— WHAT YOU HAVE TO DO —
Take the line containing "IMG 3847 scaled" through the last line of the data and retype those lines exactly. Pictures do not belong in the copy.

— PROVIDED DATA —
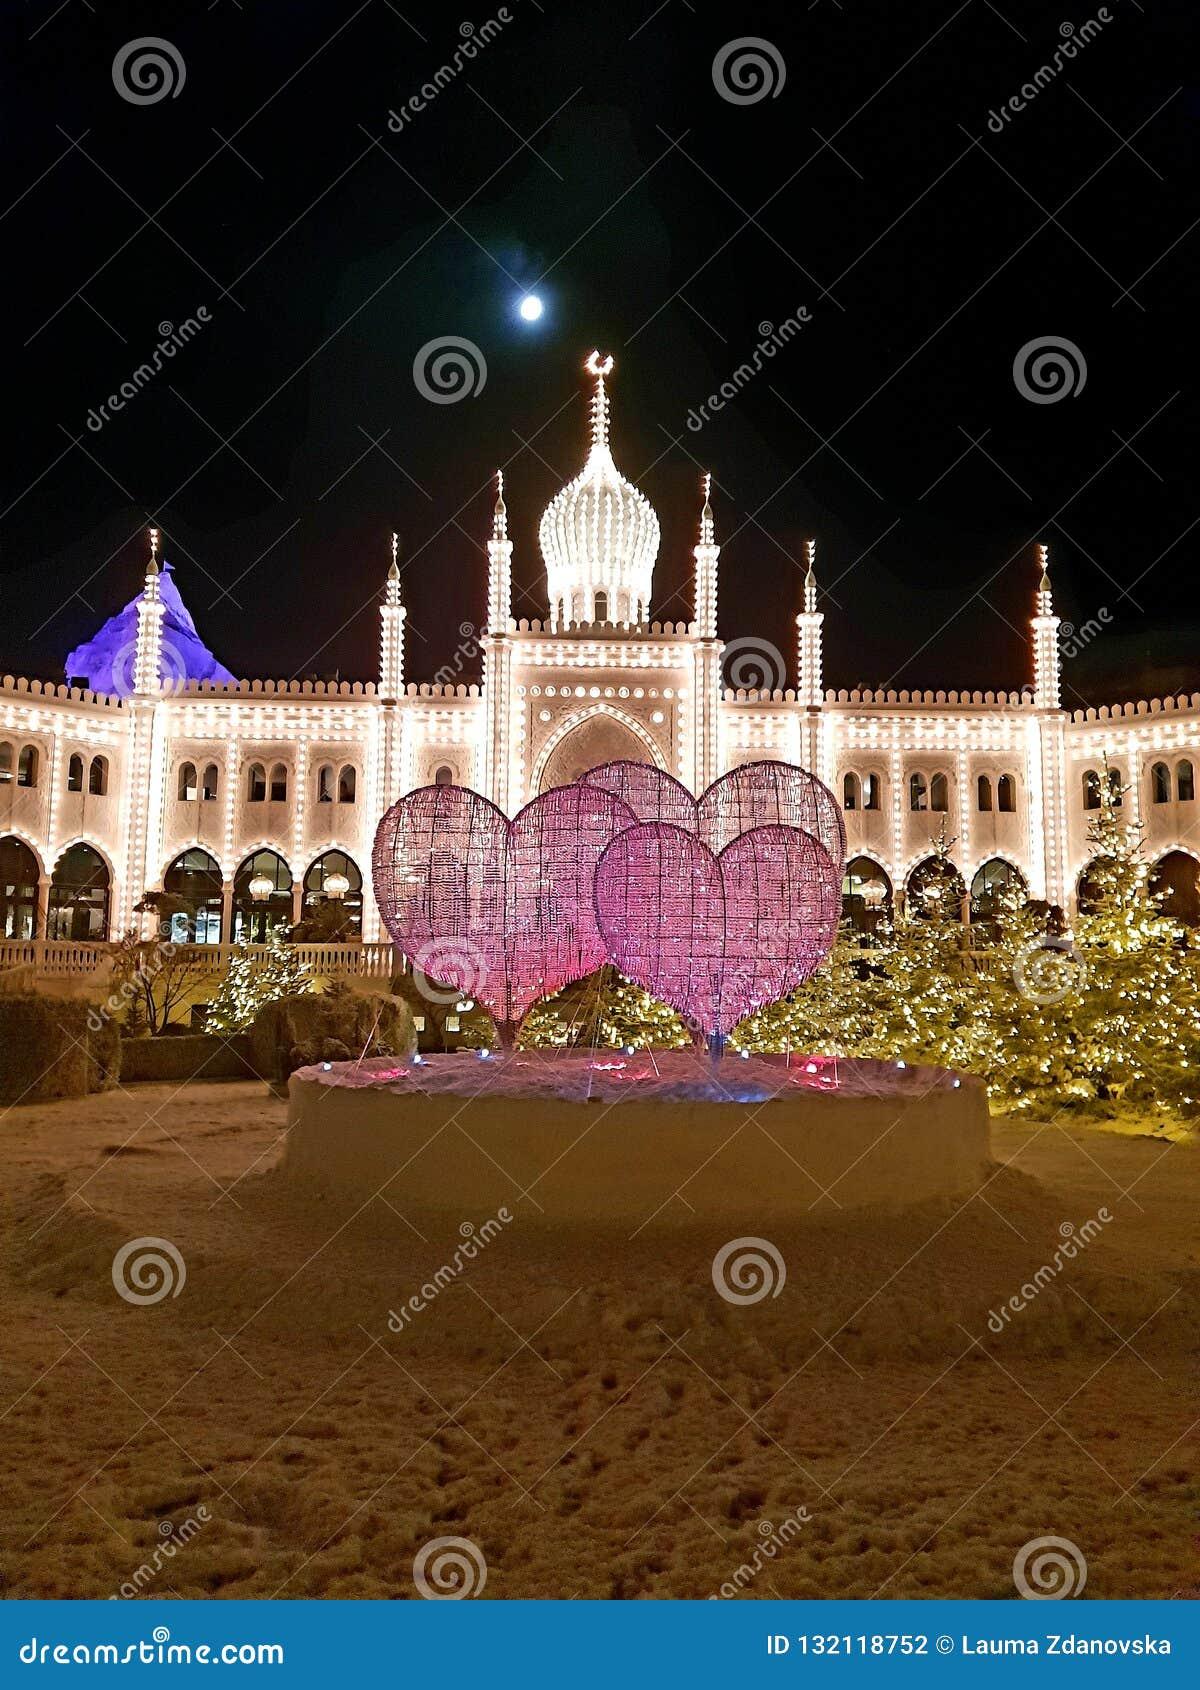 Tivoli& x27;s palace with christmas decorations
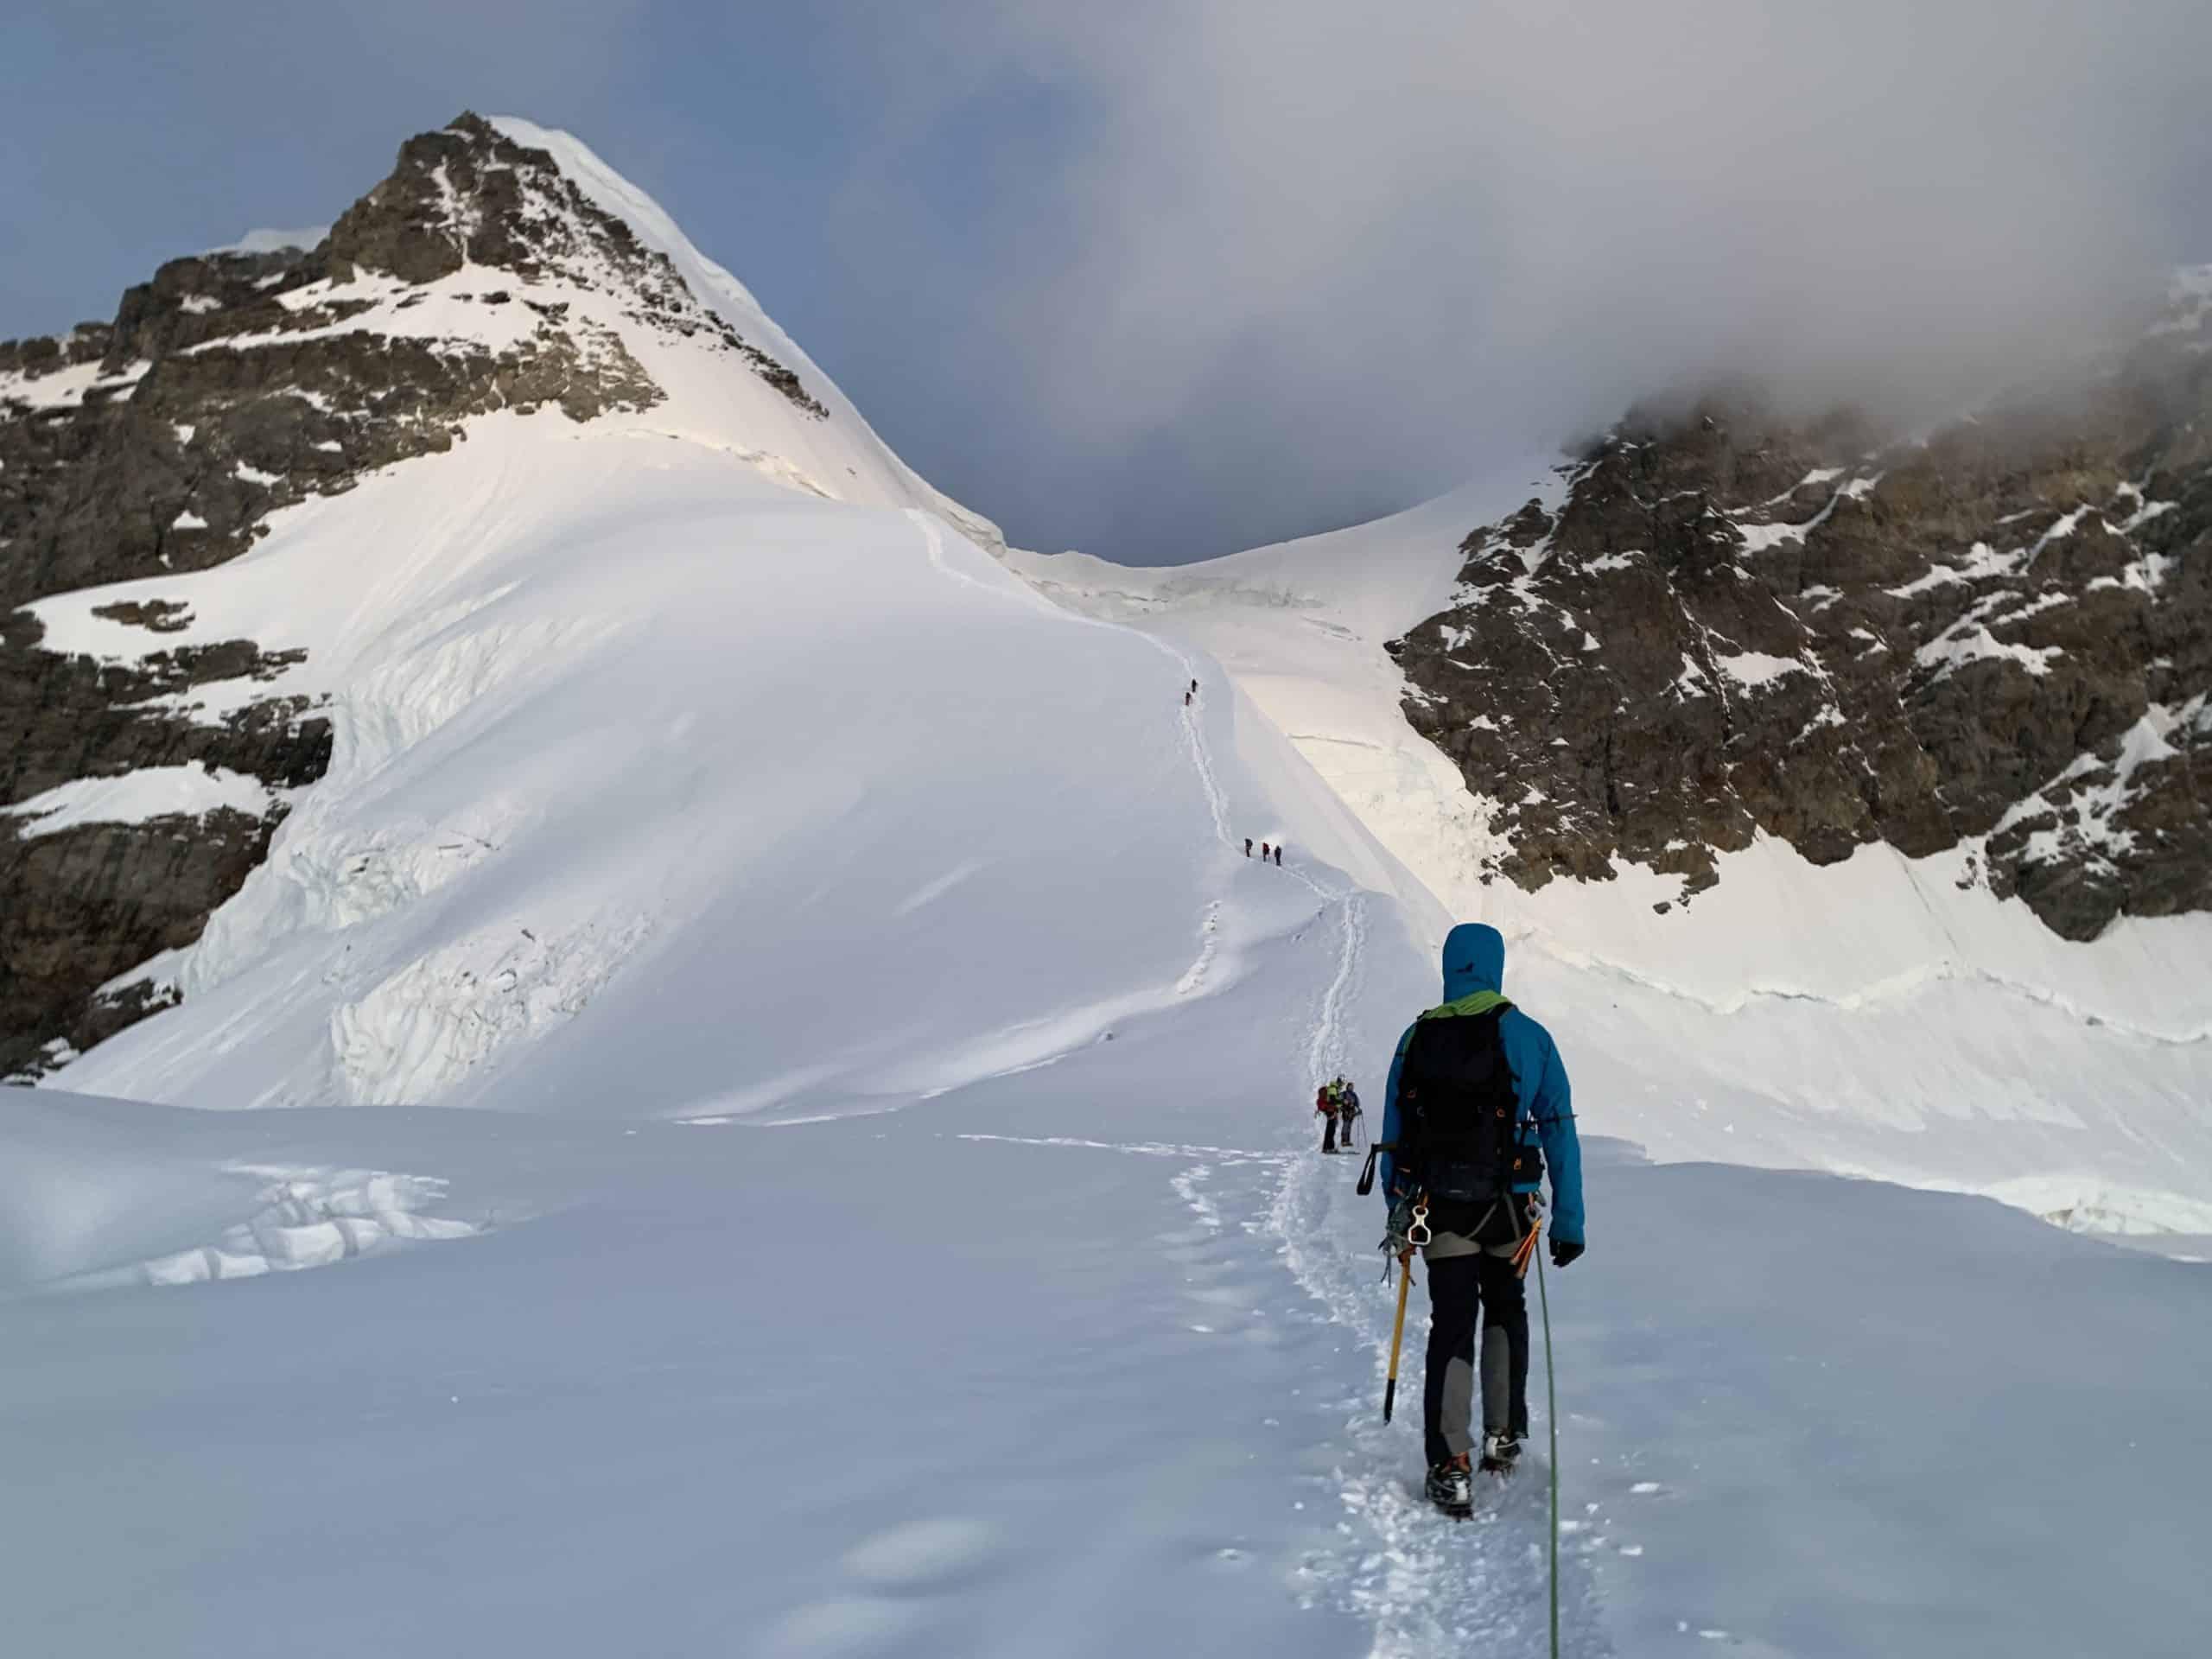 IMG 3847 scaled - Jungfrau - der Star im Berner Oberland
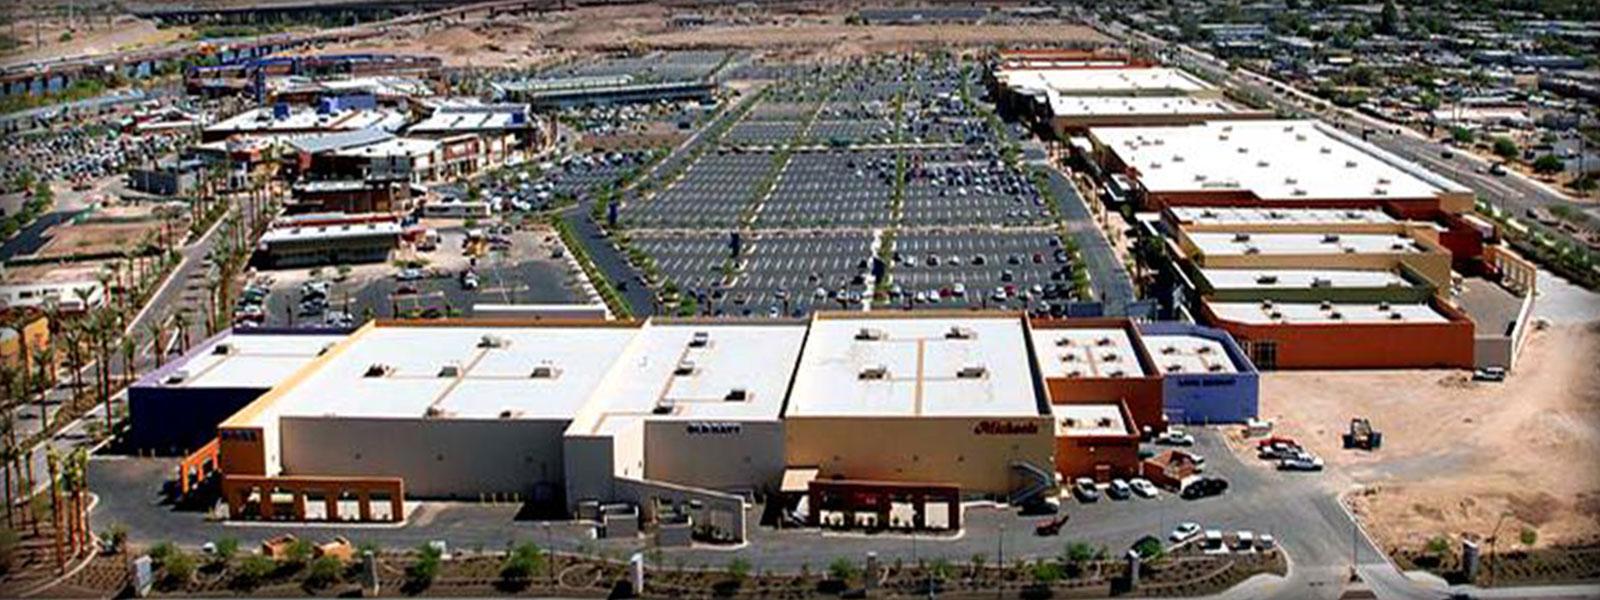 Commercial Progressive Roofing
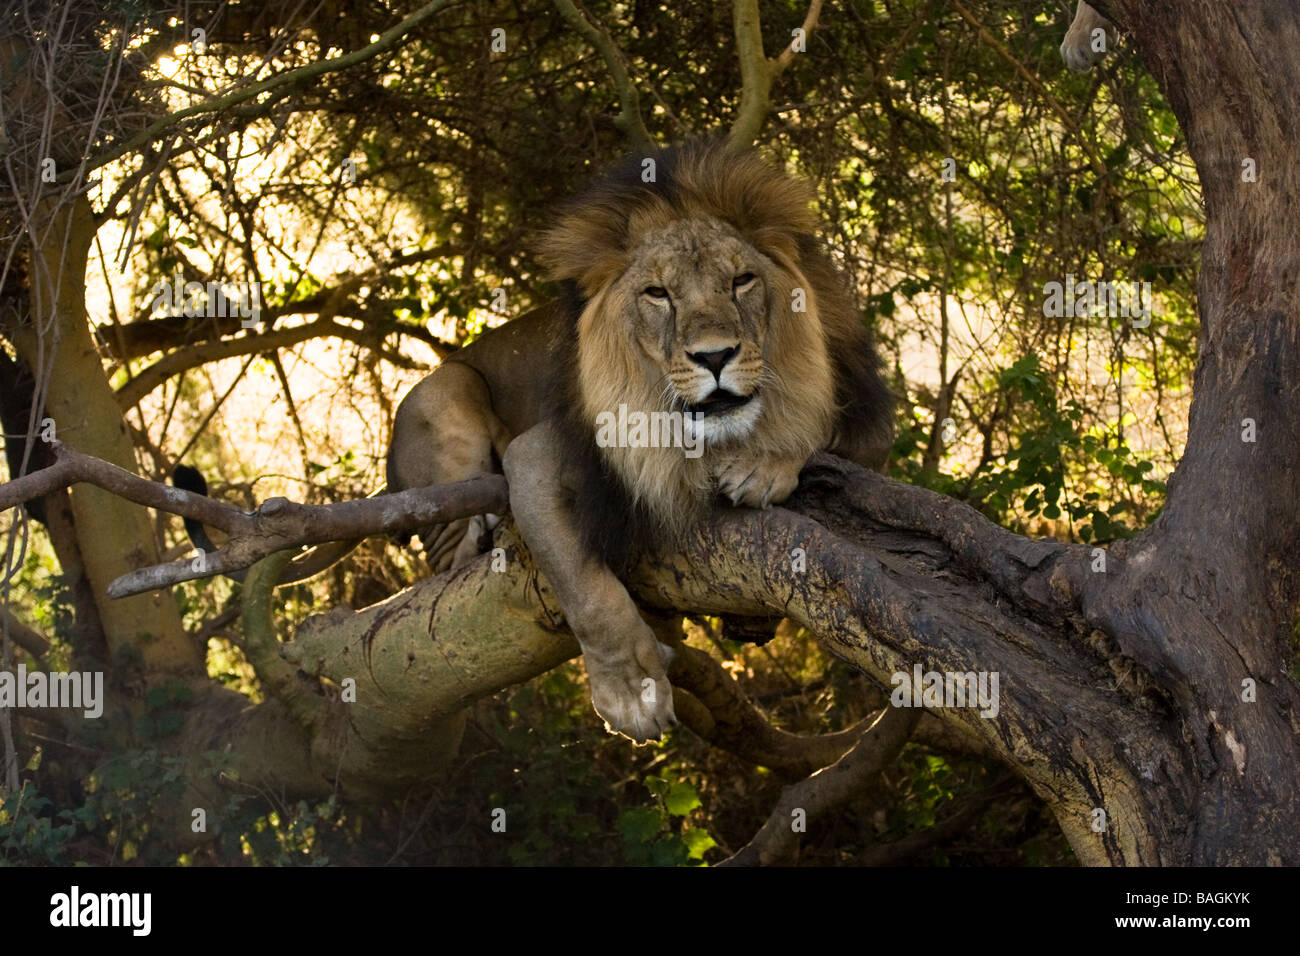 Lion in tree Stock Photo

— TASK RESPONSE —
 IMG 3847 scaled - Jungfrau - der Star im Berner Oberland
 Commercial Progressive Roofing
 Lion in tree Stock Photo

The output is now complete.